Friday, 29 January 2016

After a long long time!


The swollen eye bleeds.
Slowly, slowly
Drops down the wasted love,
Killing its own death.
Off it goes,
Blanketing my flushed cheeks,
Through my lips:
That once was his favorite haunt.
Colouring and discolouring, all at once.
An interim between life and death,
The sanatorium for a madwoman,
A redemption for a lost poet.
Let my blood kiss the ground,
Just like a verse with a clanking sound.
Juggling across this anguish and pain,
In a vicious cycle without any gain.
So off I let the eye bleed,
Slowly, slowly
To kiss the ground.

~D

Saturday, 7 March 2015

Labyrinth of suffering.

"A book a day keeps the reality away" I came across this line quite a long back and as a reader completely abide by every single word of the above mention line. How amazing it is to wake up out of your cozy bed ( actually that is not so amazing), then pushing yourself to make a cup of coffee for yourself and then, finally reading a book sipping the coffee and the story simultaneously. If you ask me what an idealistic life would be, I will give you a picture of this. Of course this is only possible when you earn a good fortune and have no other commitments towards anything. It looks like a dream. But the glitch is we live in reality and reality beg to differ.


I have been reading continuously one book after the other since January and it has done a good work on me. You can refer the new blog's title to infer. There have been days I have stayed up all night just to complete the last 100 pages or so. Endless coffee making, turning and tossing on the bed and convincing my mind to sleep. These are the perk for being stumbled upon a good book. I don't know what people really extract from books or reading. But considering the fact I live in a world where heads I win and tails you lose, books seem to have become my escapade.

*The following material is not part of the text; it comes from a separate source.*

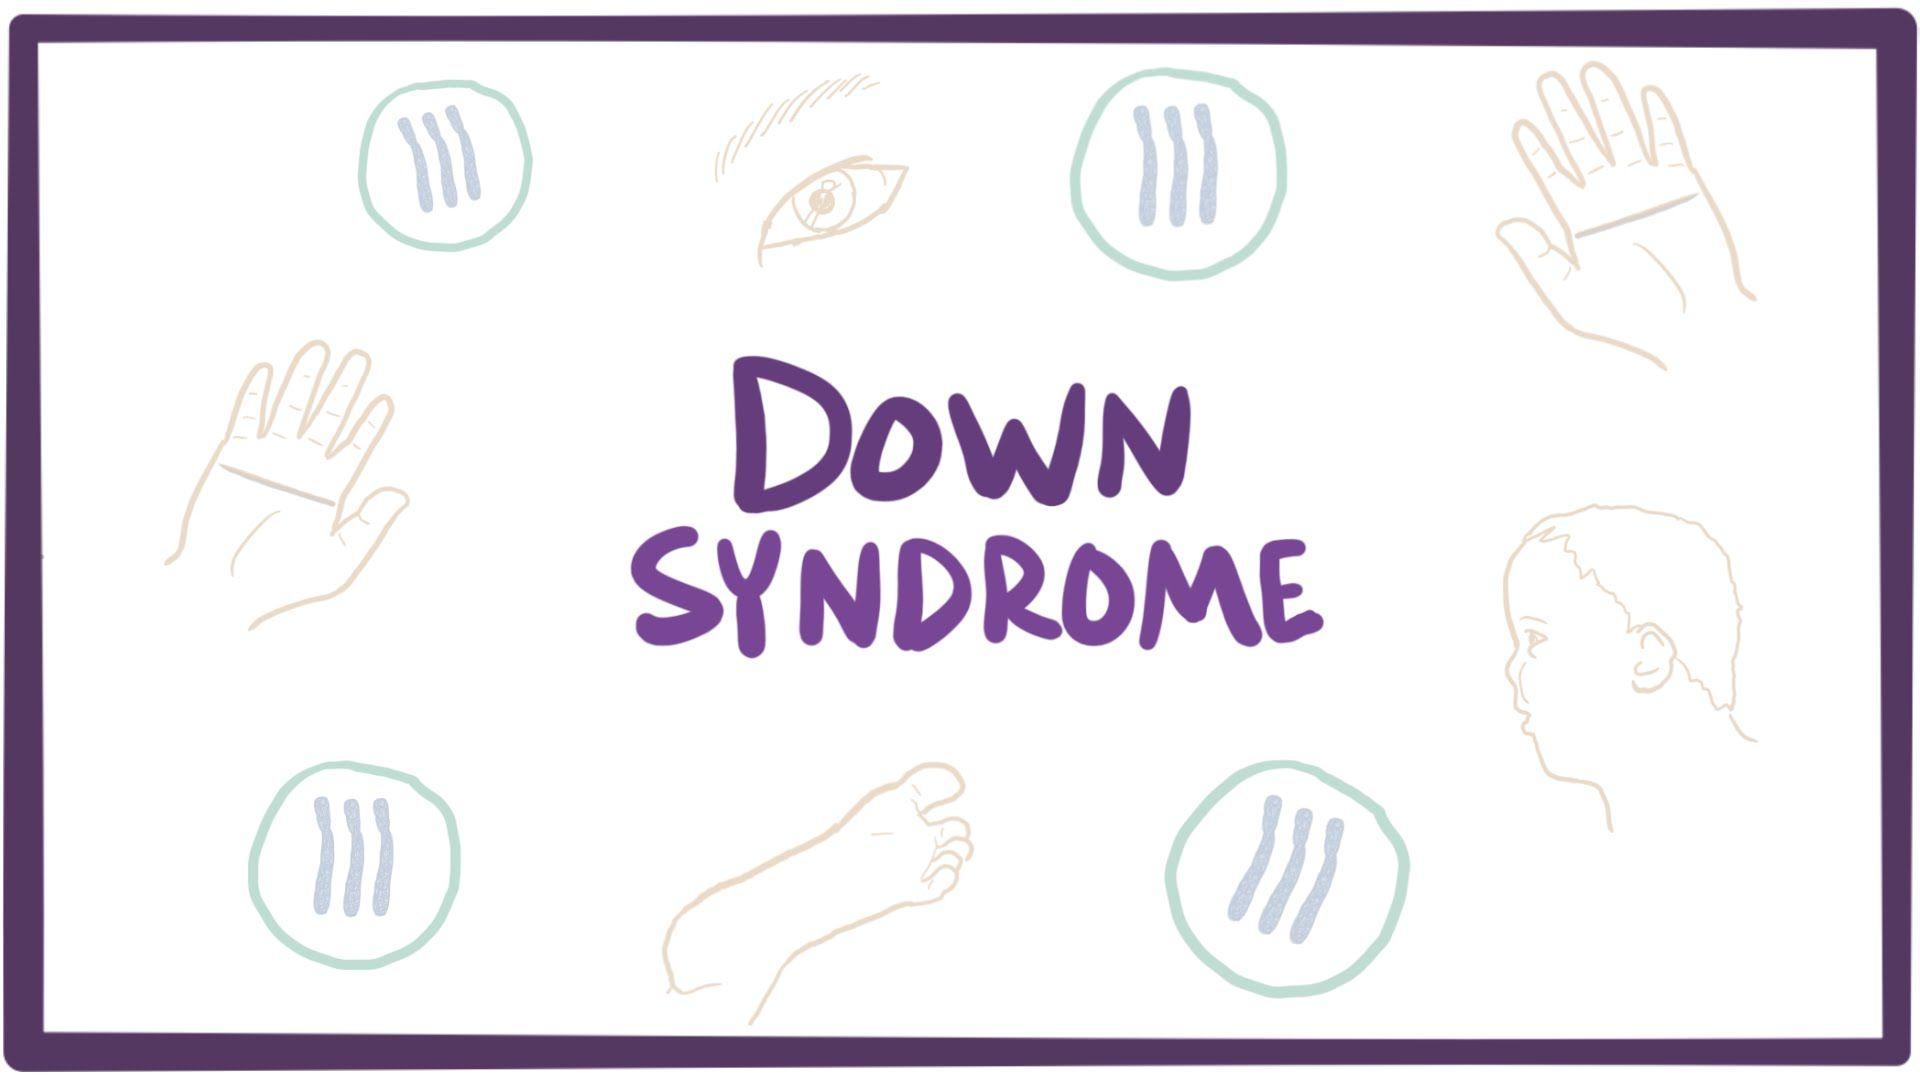 Down Syndrome Trisomy 21 Causes Symptoms Diagnosis

So, the other night I was reading Kafka on the shore and it just transports me to a whole different world. If you don't ave enough money to travel. Buy a book, and you can travel through your books. It works as a tranquilizer and stimulant. Like my grand father says it is not important how many days you lived, it counts how many days you smiled.


Take up anything that takes you away from the agony of your life. Escape the labyrinth, because that is what that counts.